§ SUPPLIED INFORMATION:
····················
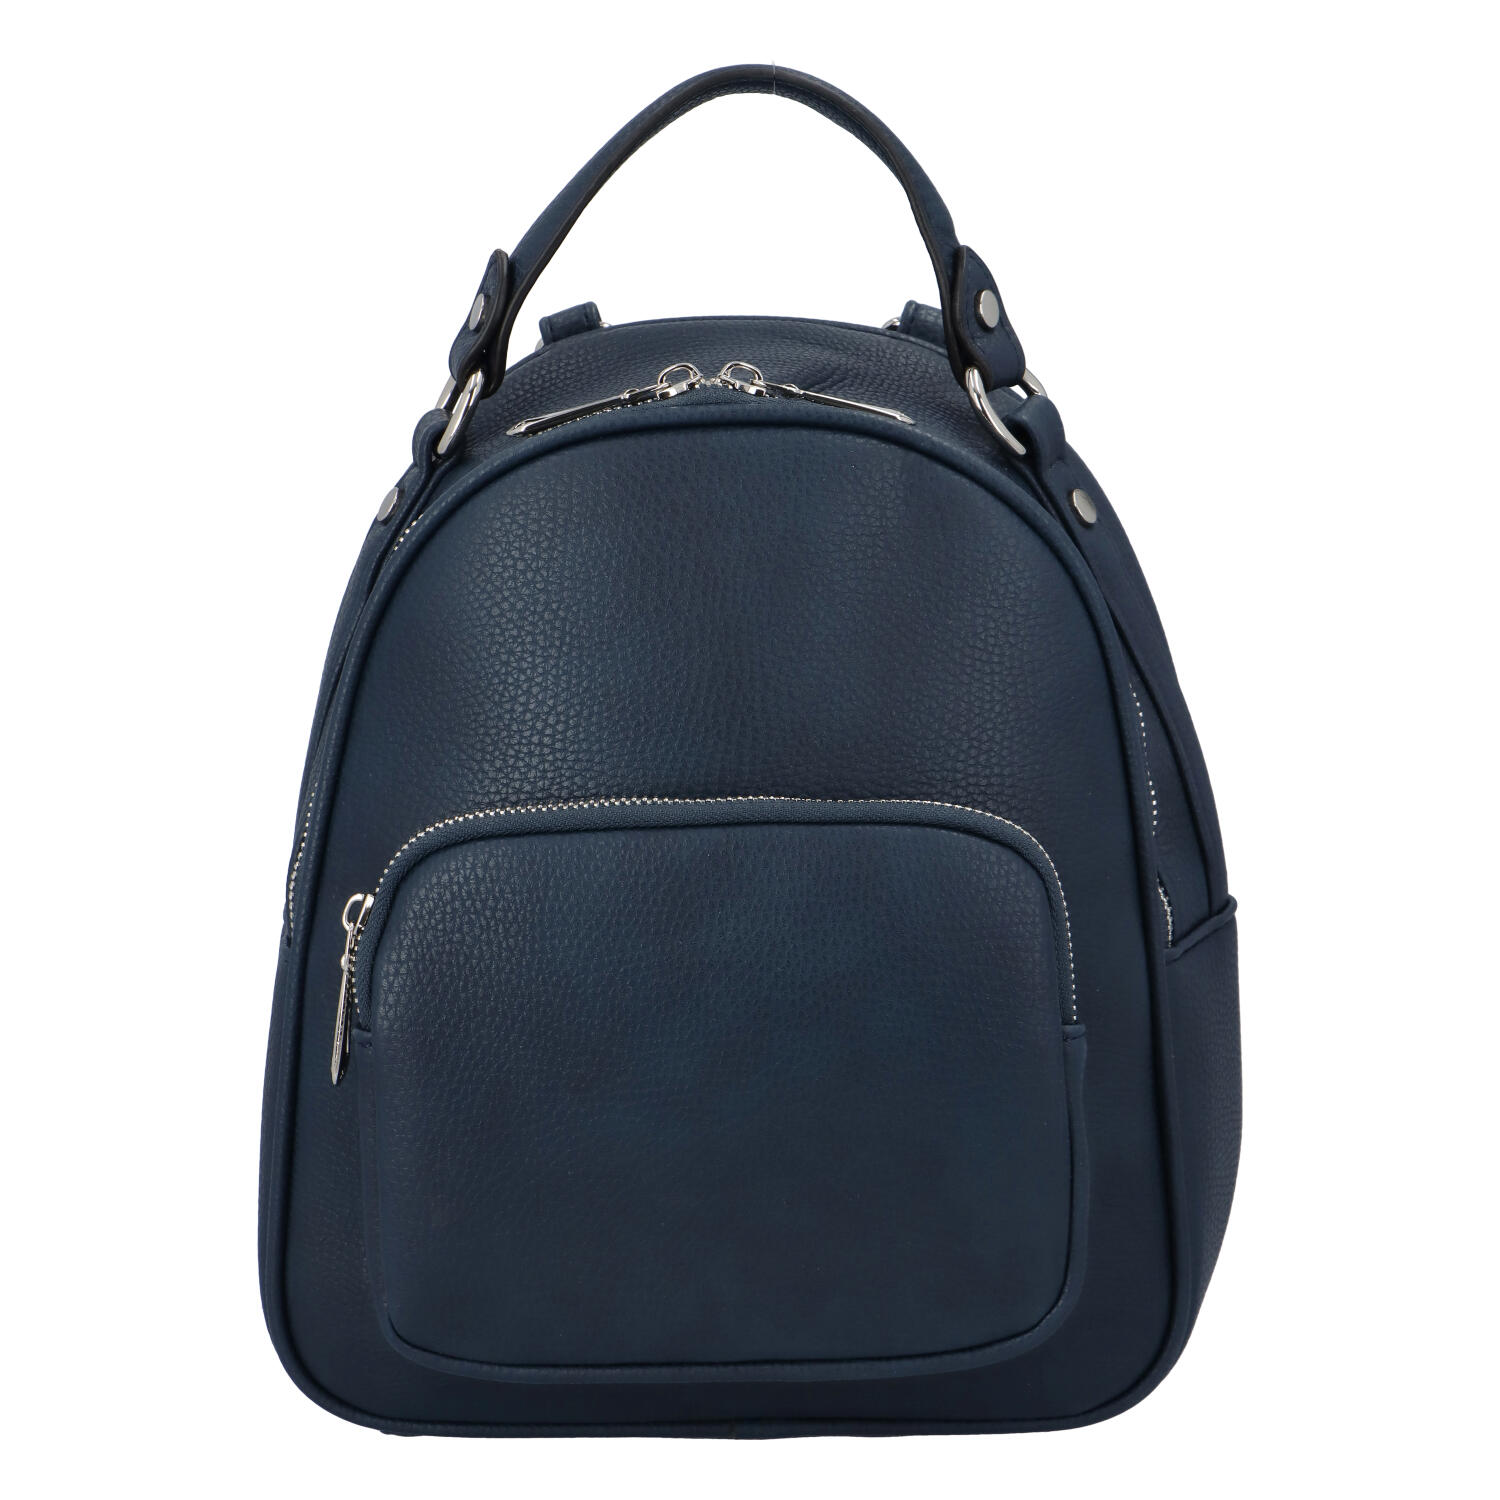 Dámský módní batůžek kabelka tmavě modrý - FLORA&CO Jante
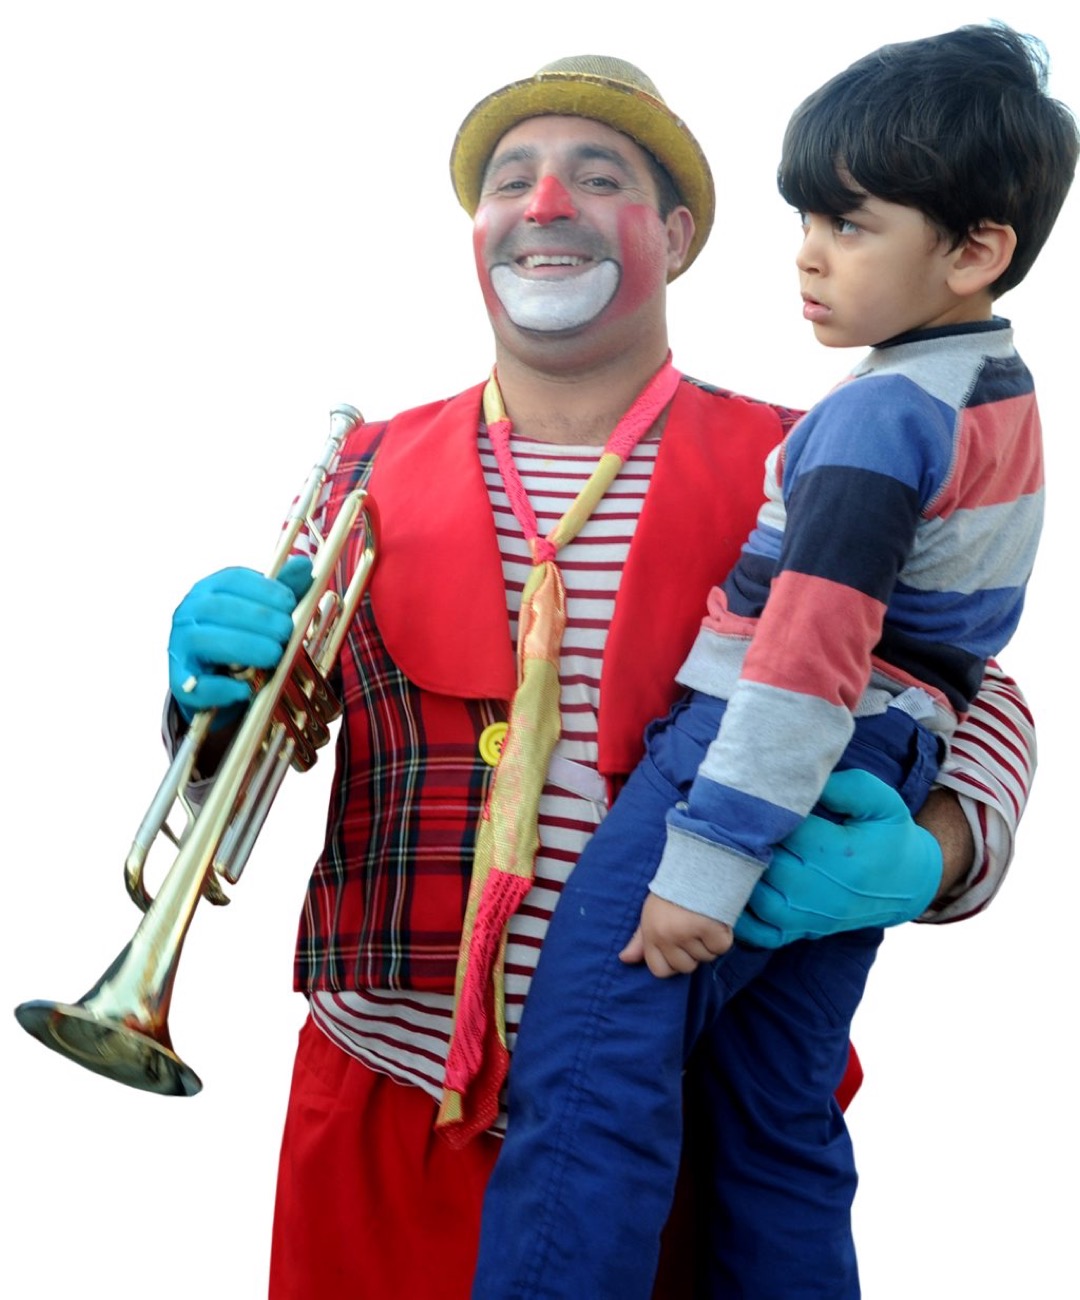 2018 07 20 170918 ill3 Clown Trompette et enfant
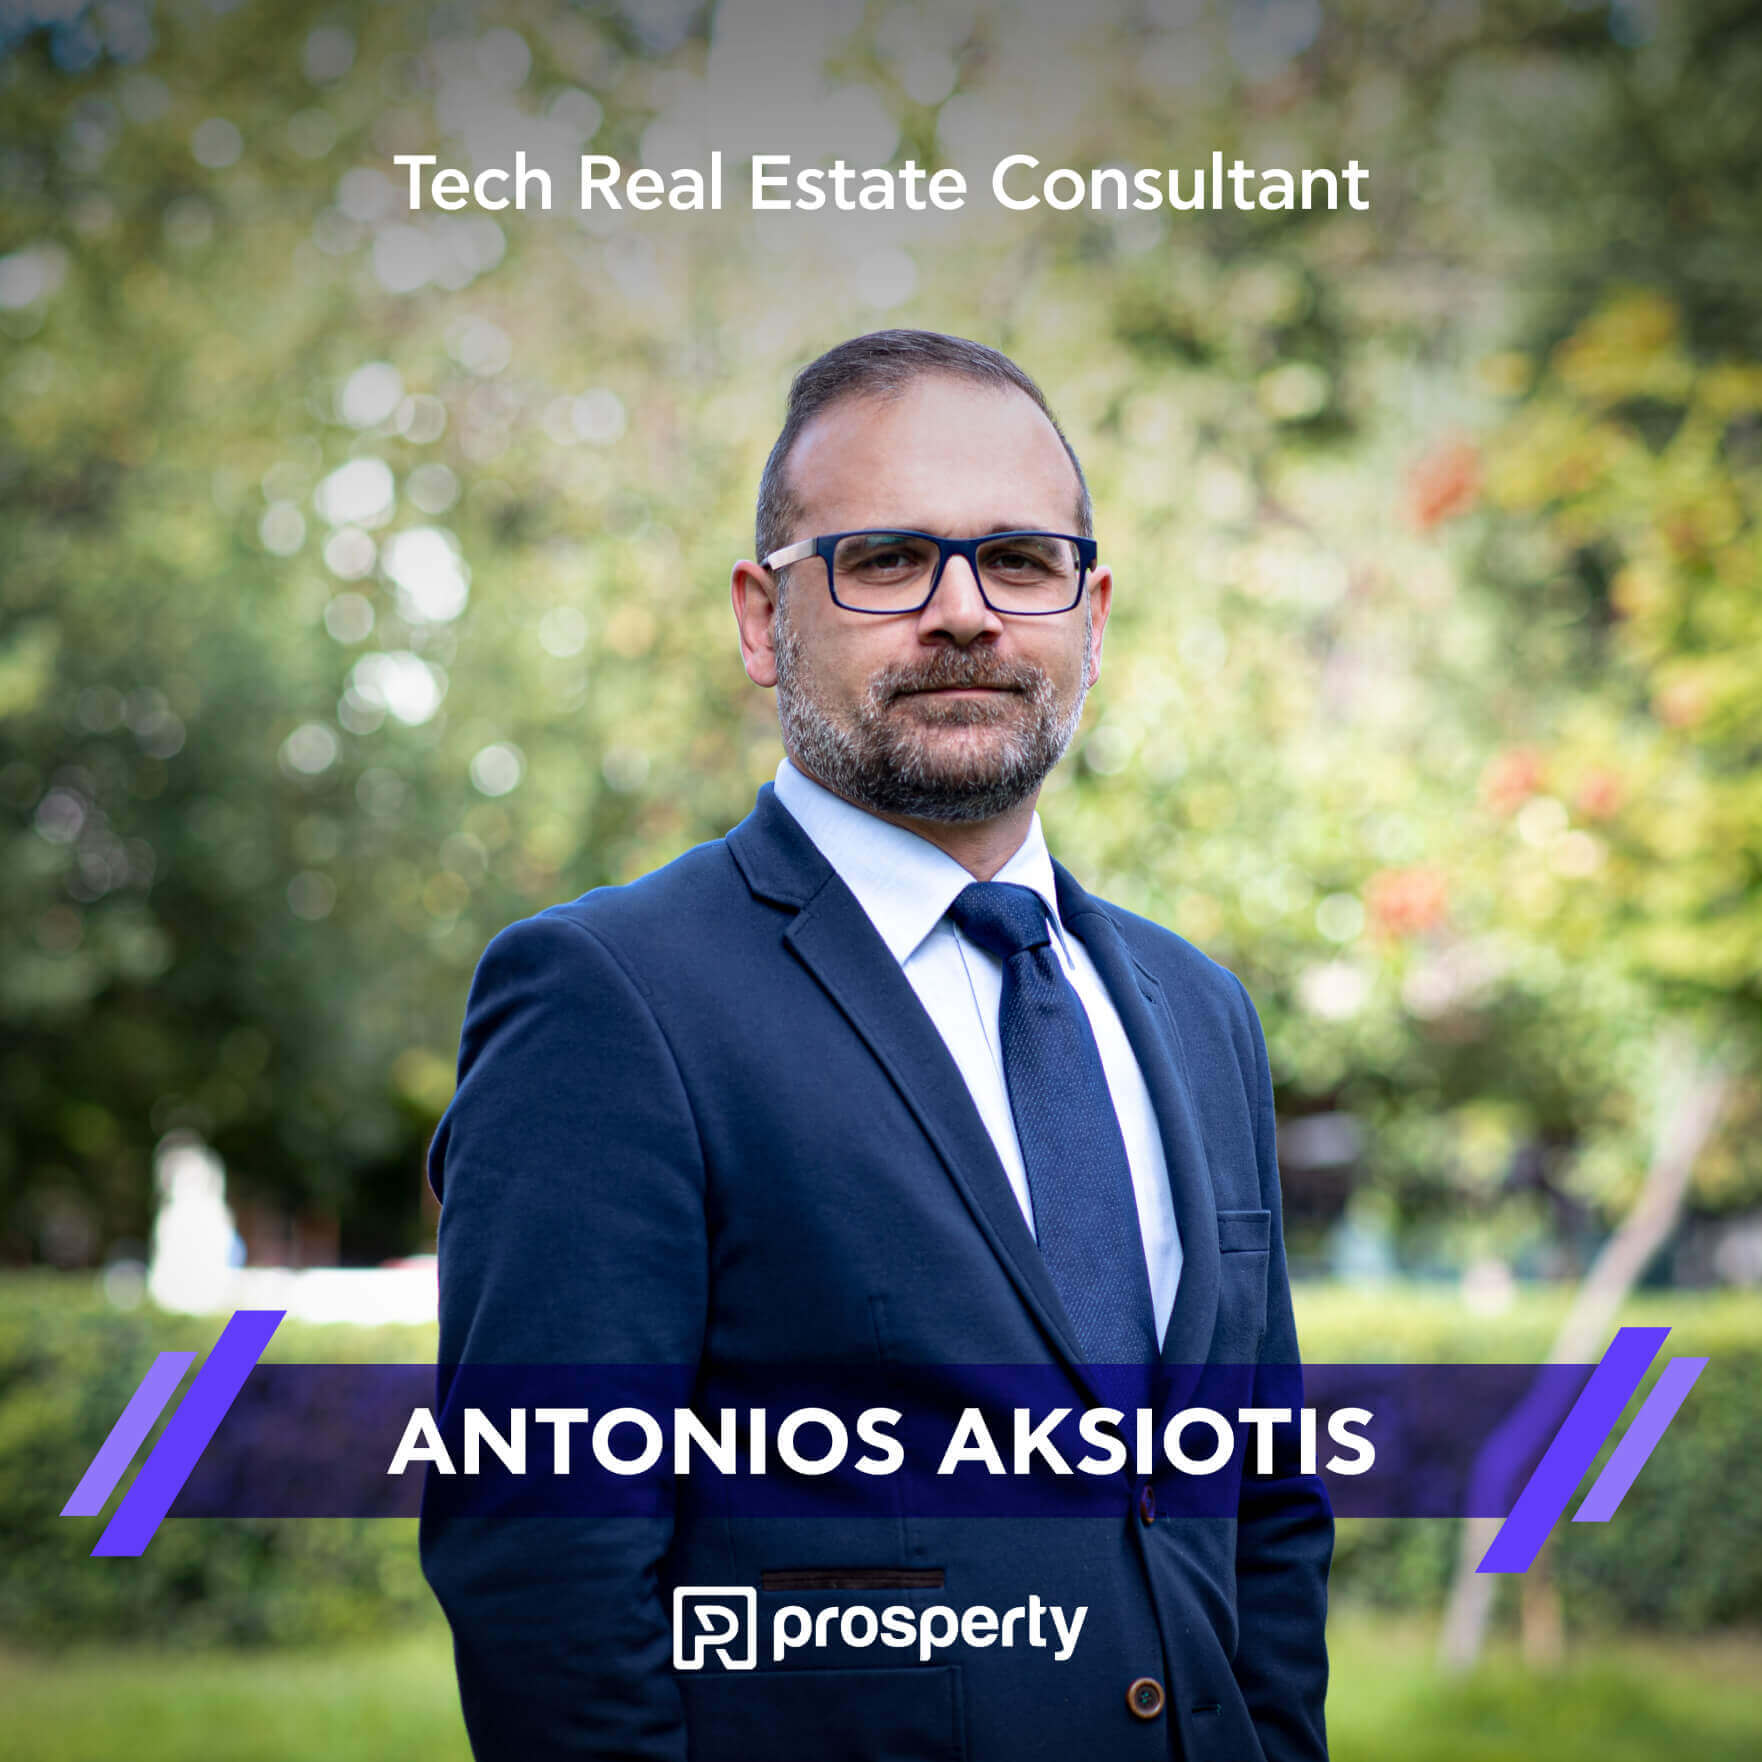 Antonios Aksiotis | Tech Real Estate Consultant
····················
§ PROMPT: No image belongs in the copy. Transcribe the full listing verbatim.

§ RESULT:
 Dámský módní batůžek kabelka tmavě modrý - FLORA&CO Jante
 2018 07 20 170918 ill3 Clown Trompette et enfant
 Antonios Aksiotis | Tech Real Estate Consultant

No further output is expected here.